**Task objective**:
Here is a listing. Write it all out again exactly, but not its pictures.

**Collected material**:

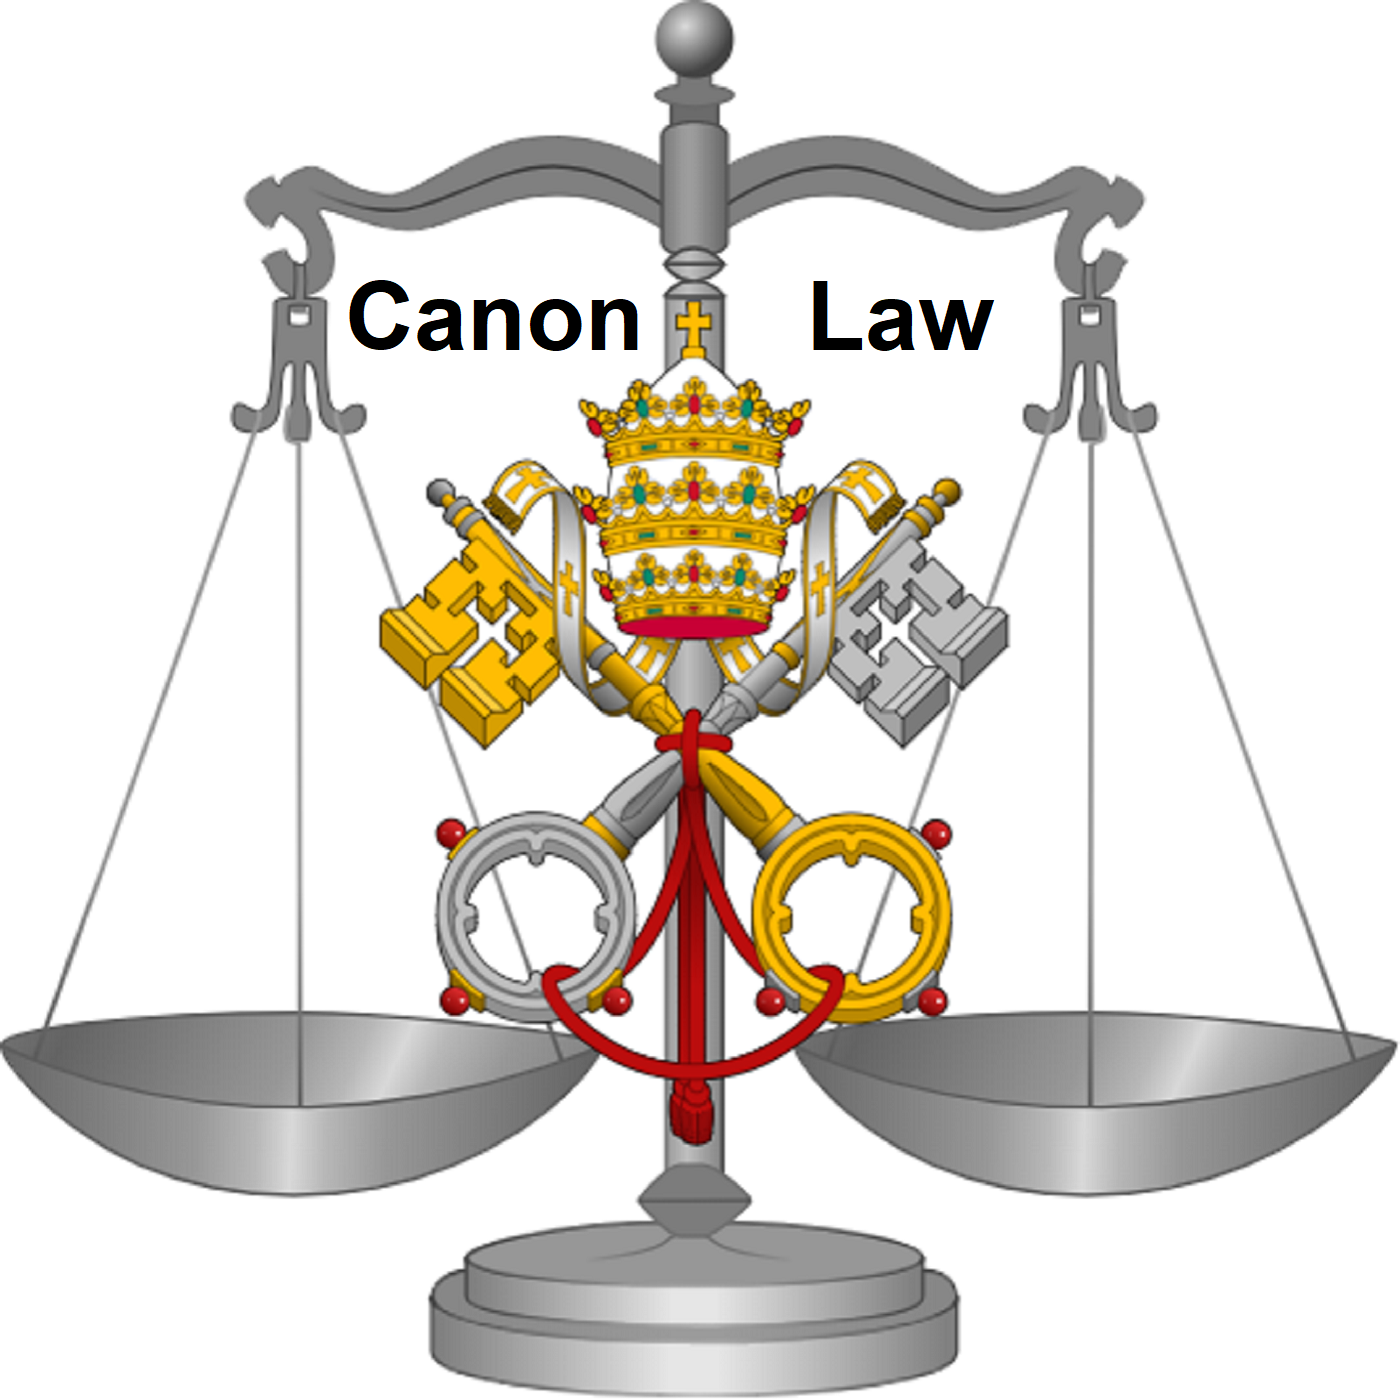 Canon Law modernised
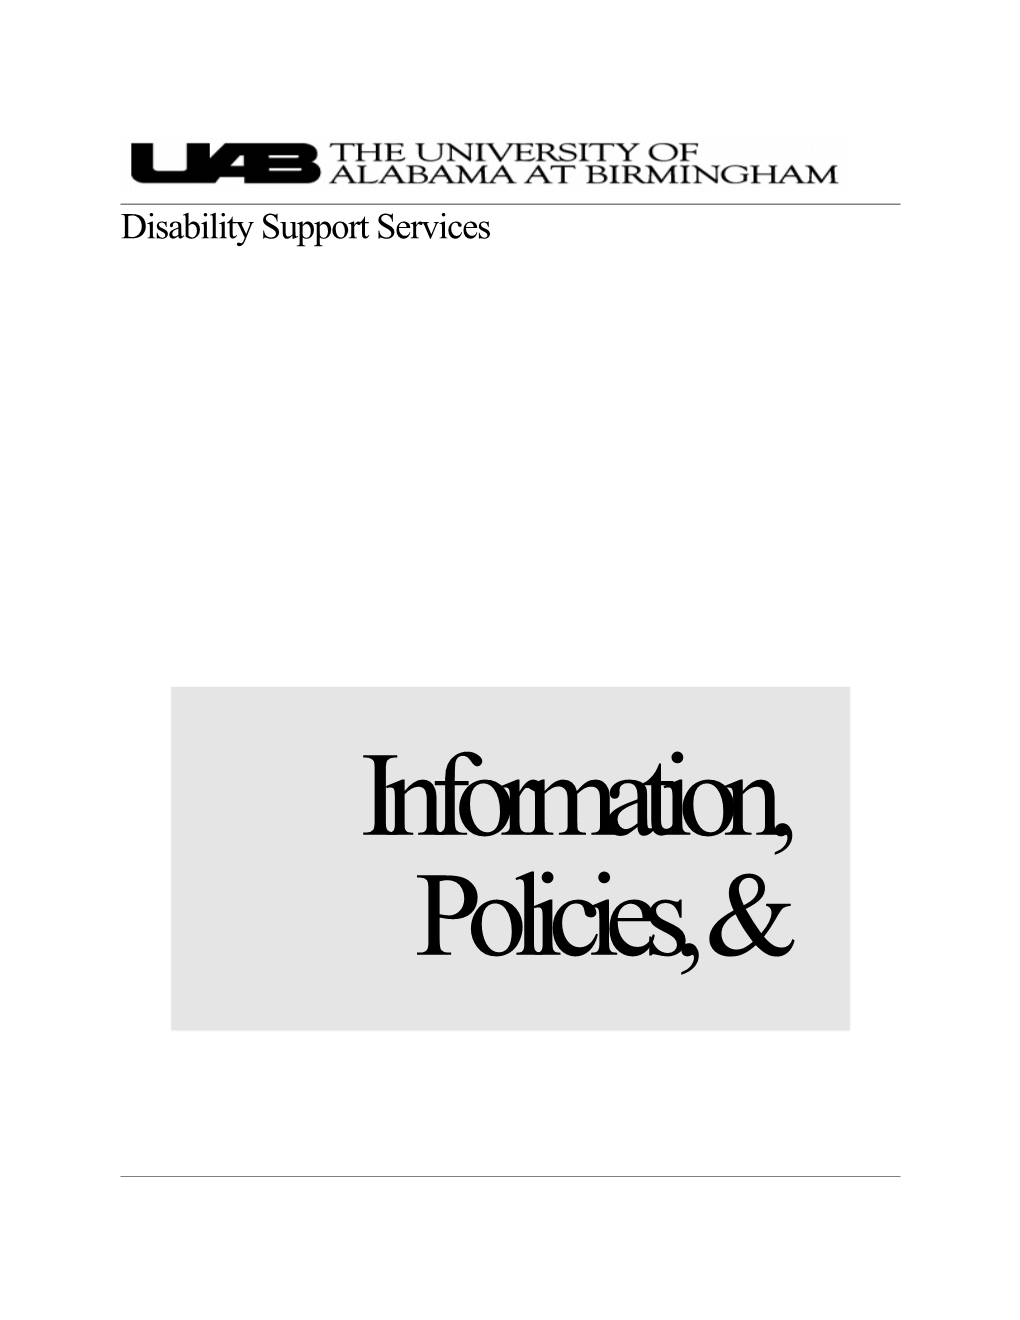 Information, Policies, & Procedures for Faculty & Staff
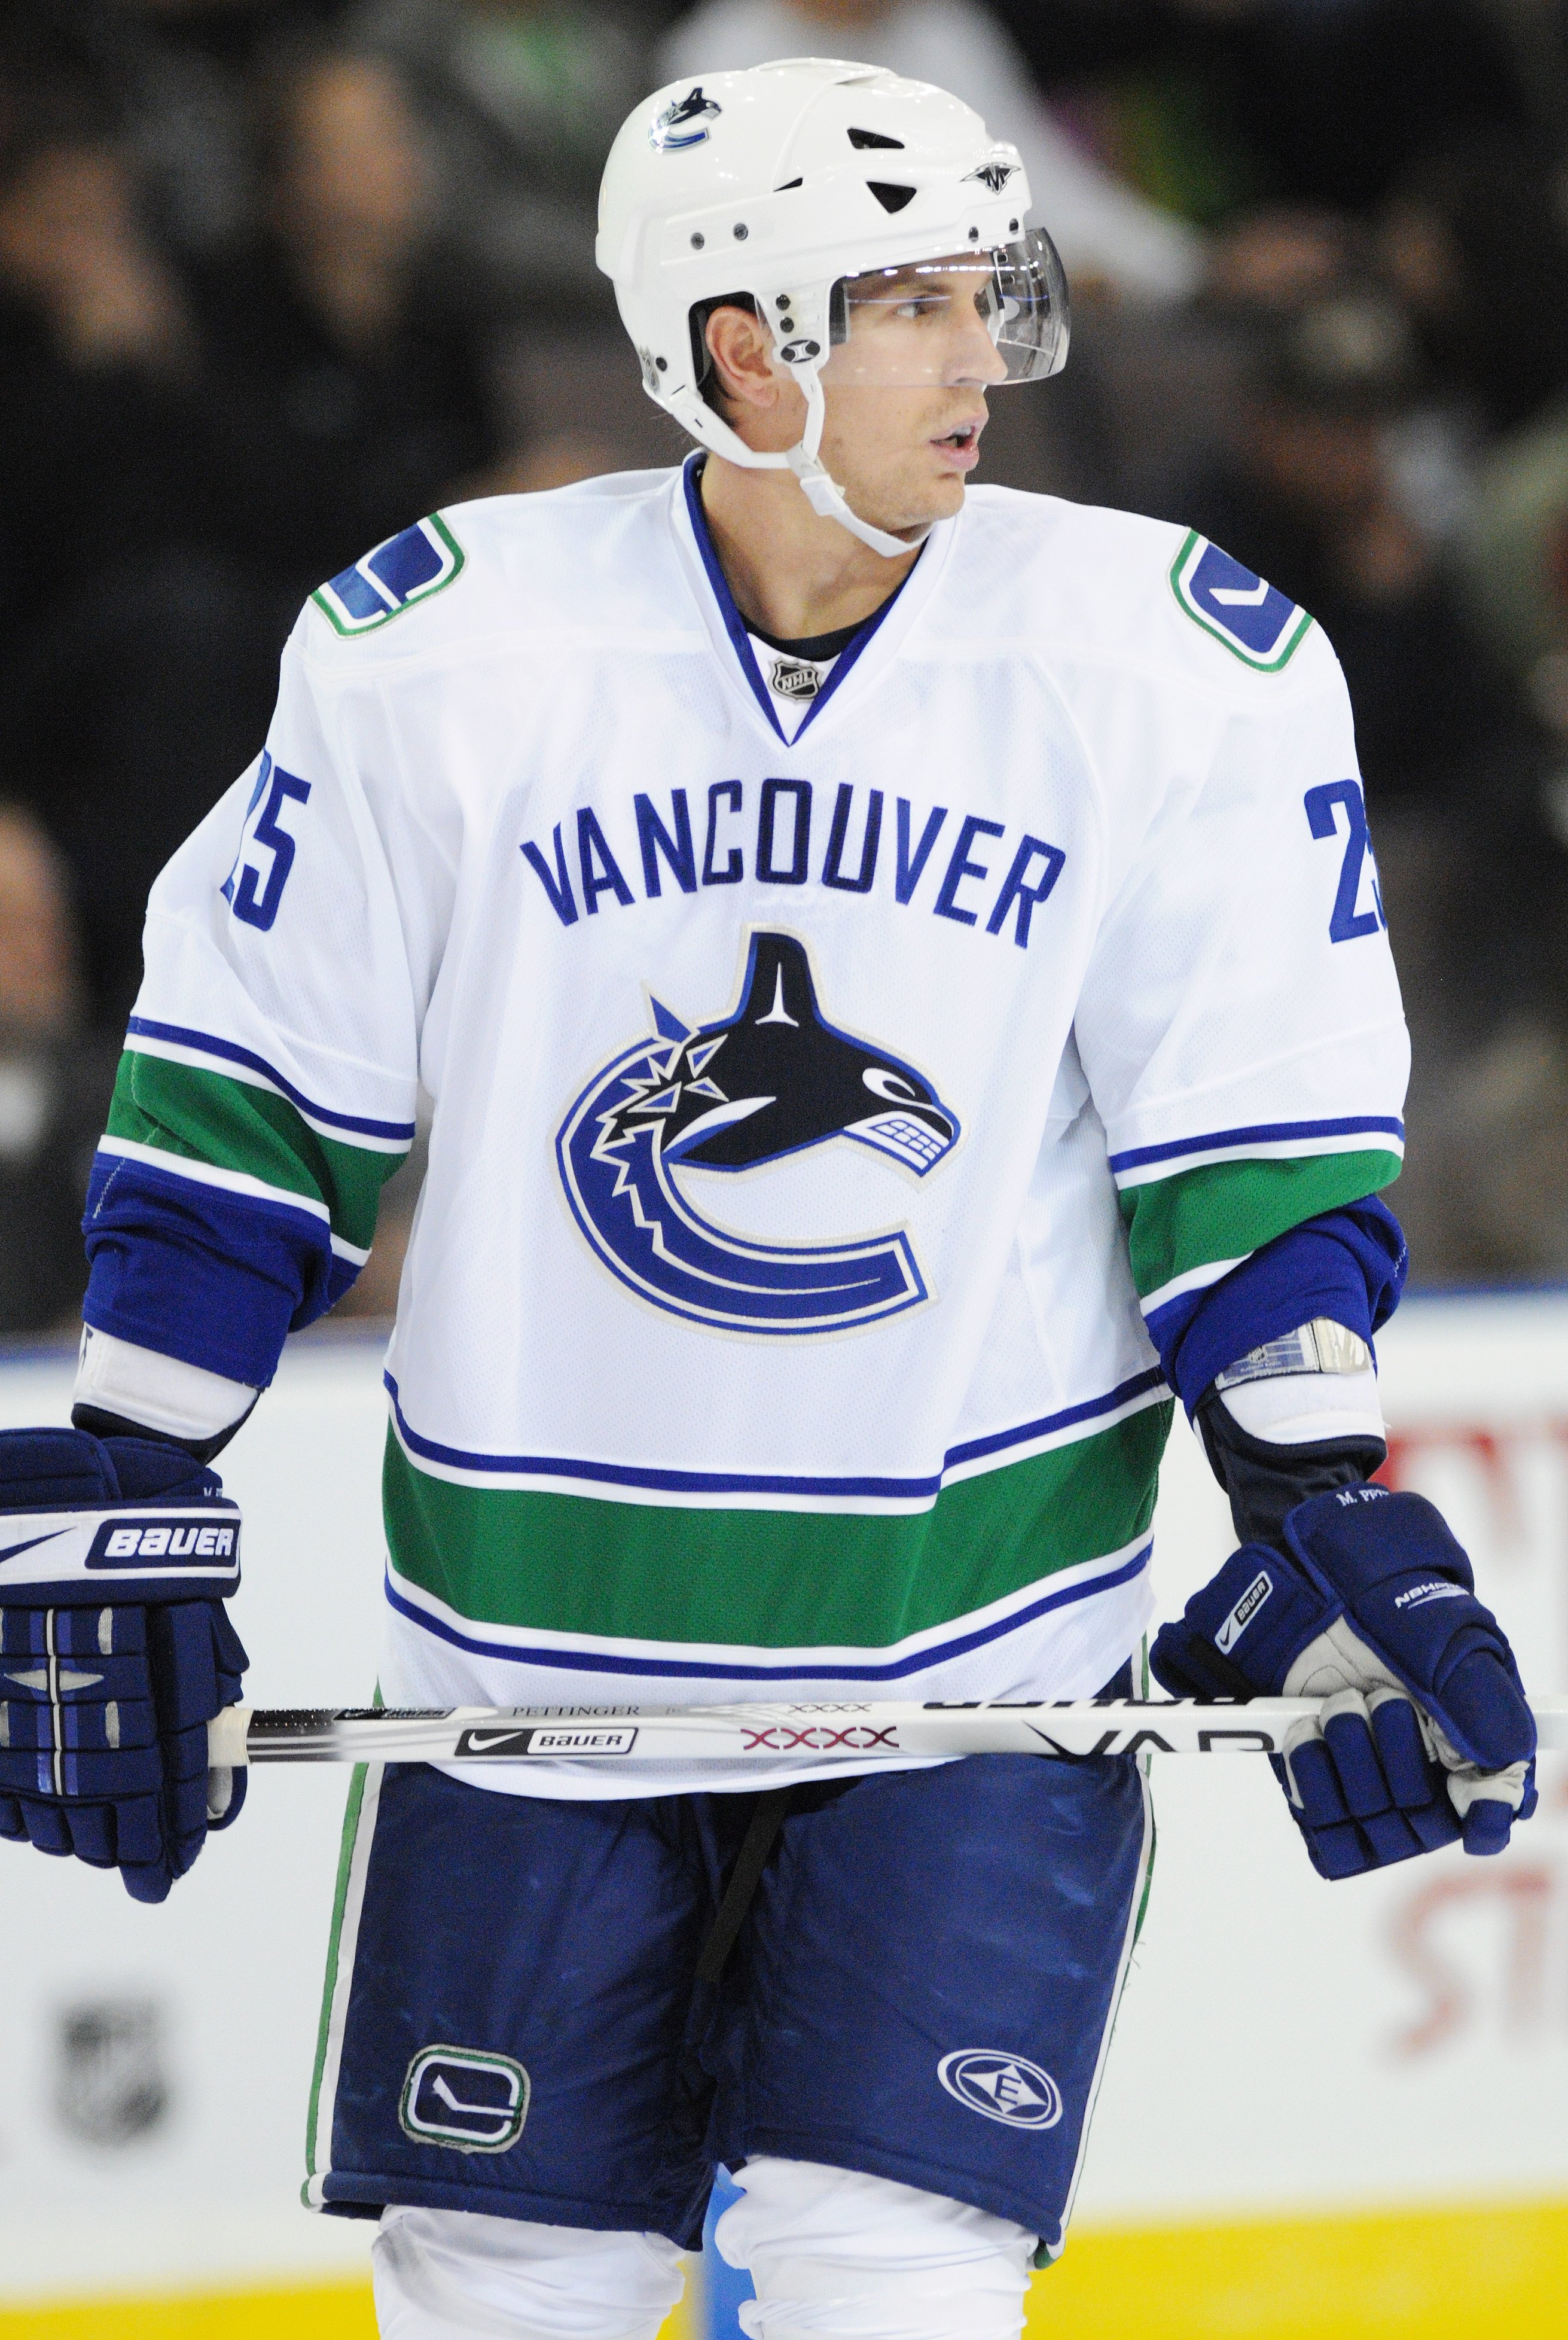 Vancouver Canucks Concept Jersey #3 : r/canucks

**Task answer**:
 Canon Law modernised
 Information, Policies, & Procedures for Faculty & Staff
 Vancouver Canucks Concept Jersey #3 : r/canucks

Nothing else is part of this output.